▸ Data extract
***

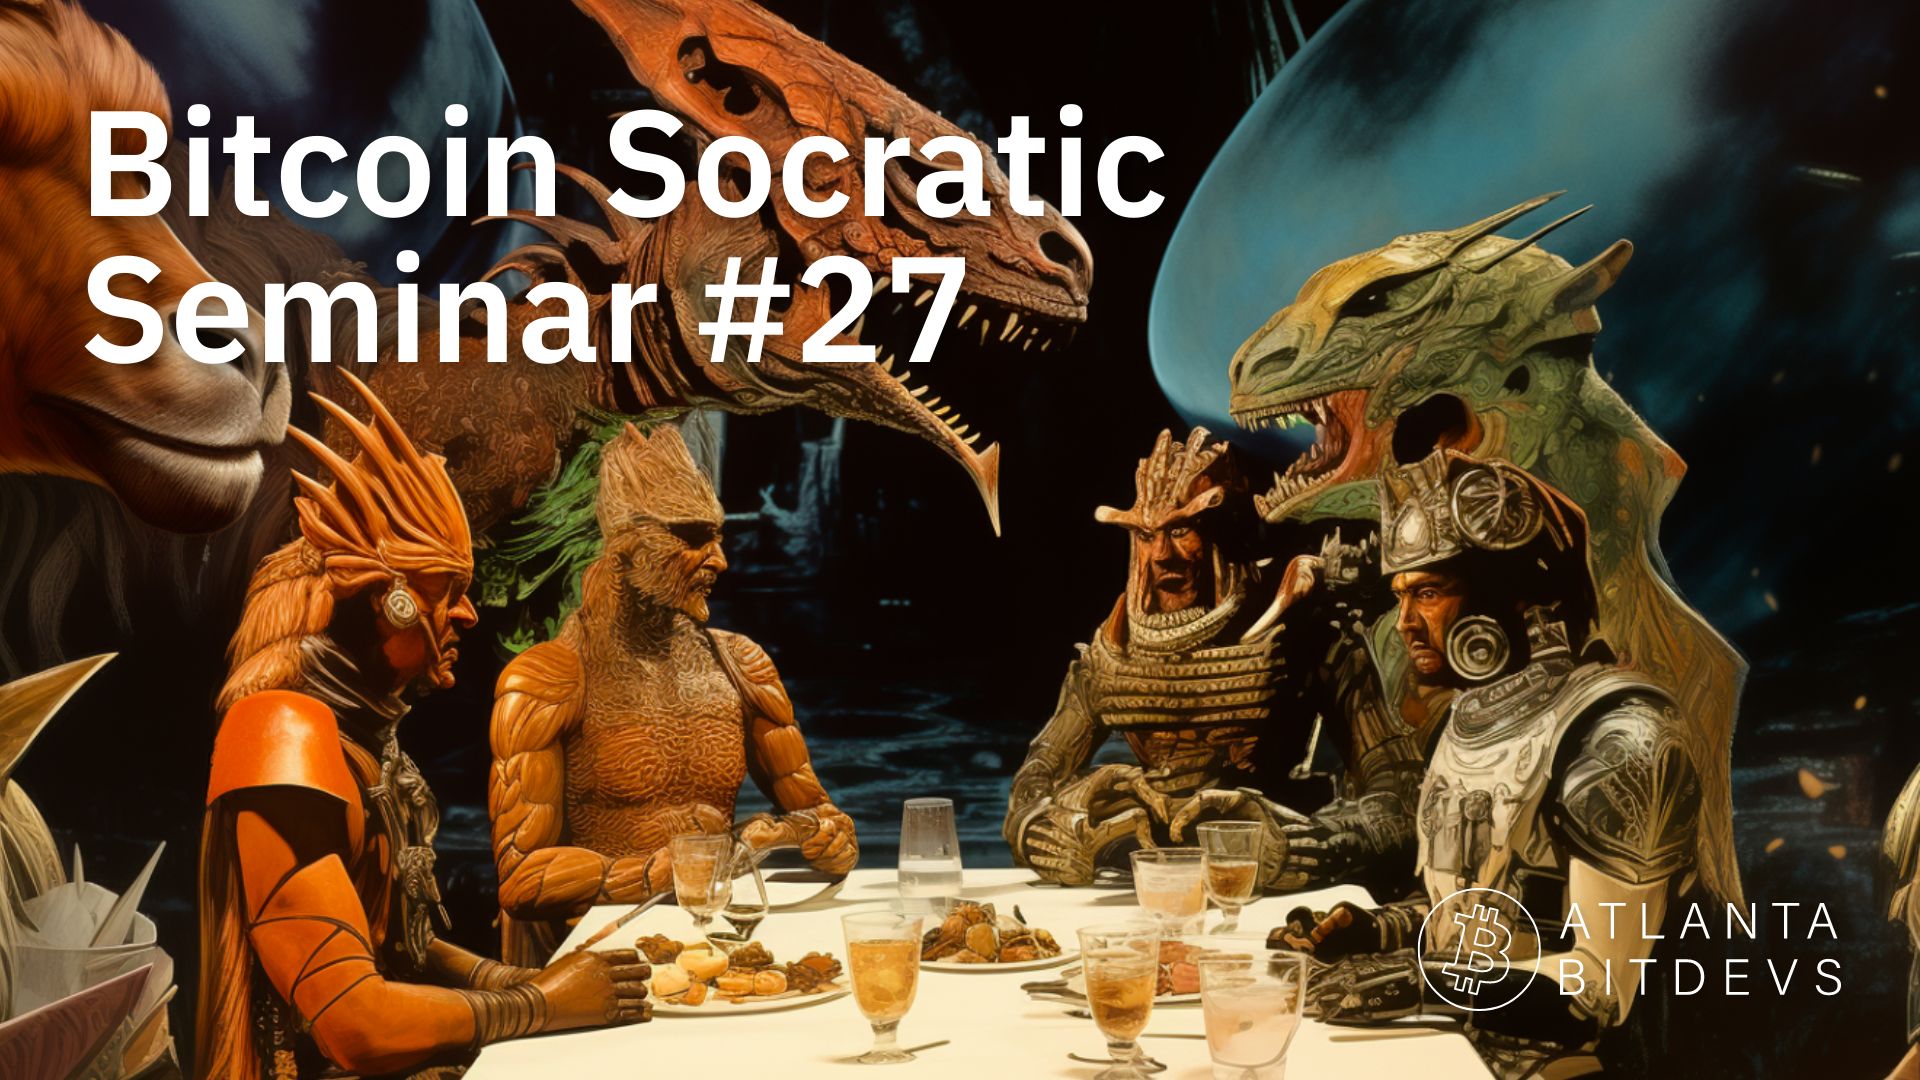 Bitcoin Socratic Seminar #27
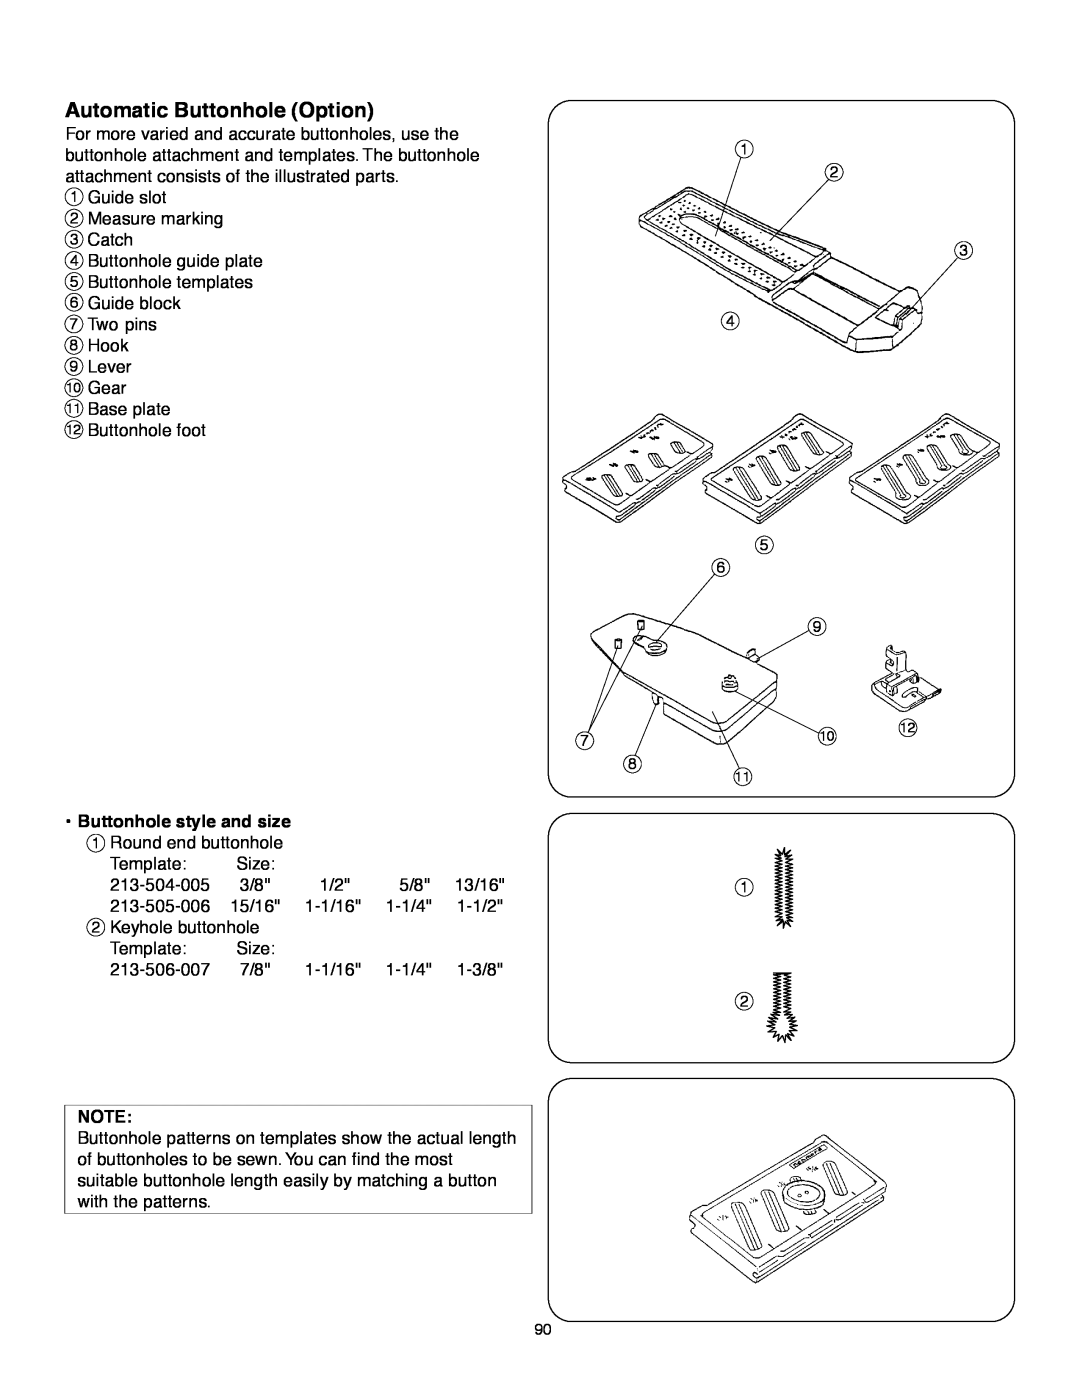 Janome MS-5027 instruction manual Automatic Buttonhole Option, Buttonhole style and size 1 Round end buttonhole 
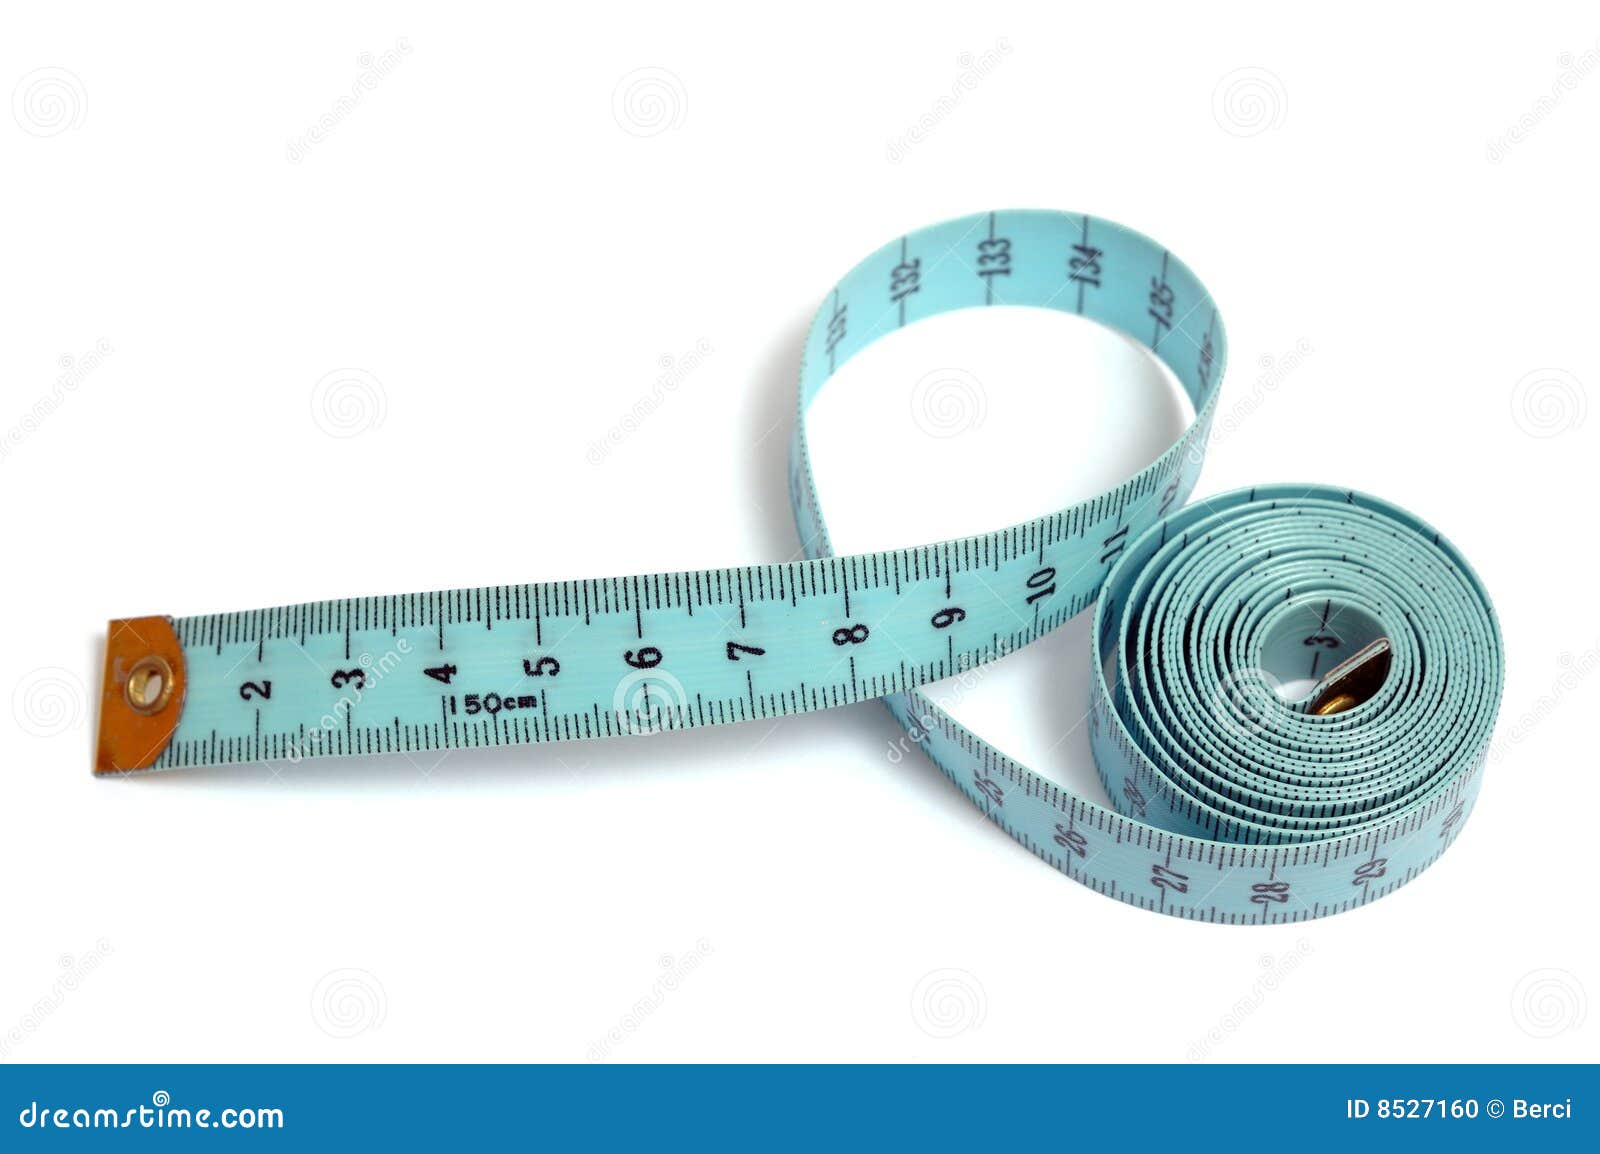 Fabric measuring tape stock photo. Image of seamstress - 32819788

***

Are you able to set down all the lines above exactly, without any pictures?

▸ Completed task
 Bitcoin Socratic Seminar #27
 Janome MS-5027 instruction manual Automatic Buttonhole Option, Buttonhole style and size 1 Round end buttonhole 
 Fabric measuring tape stock photo. Image of seamstress - 32819788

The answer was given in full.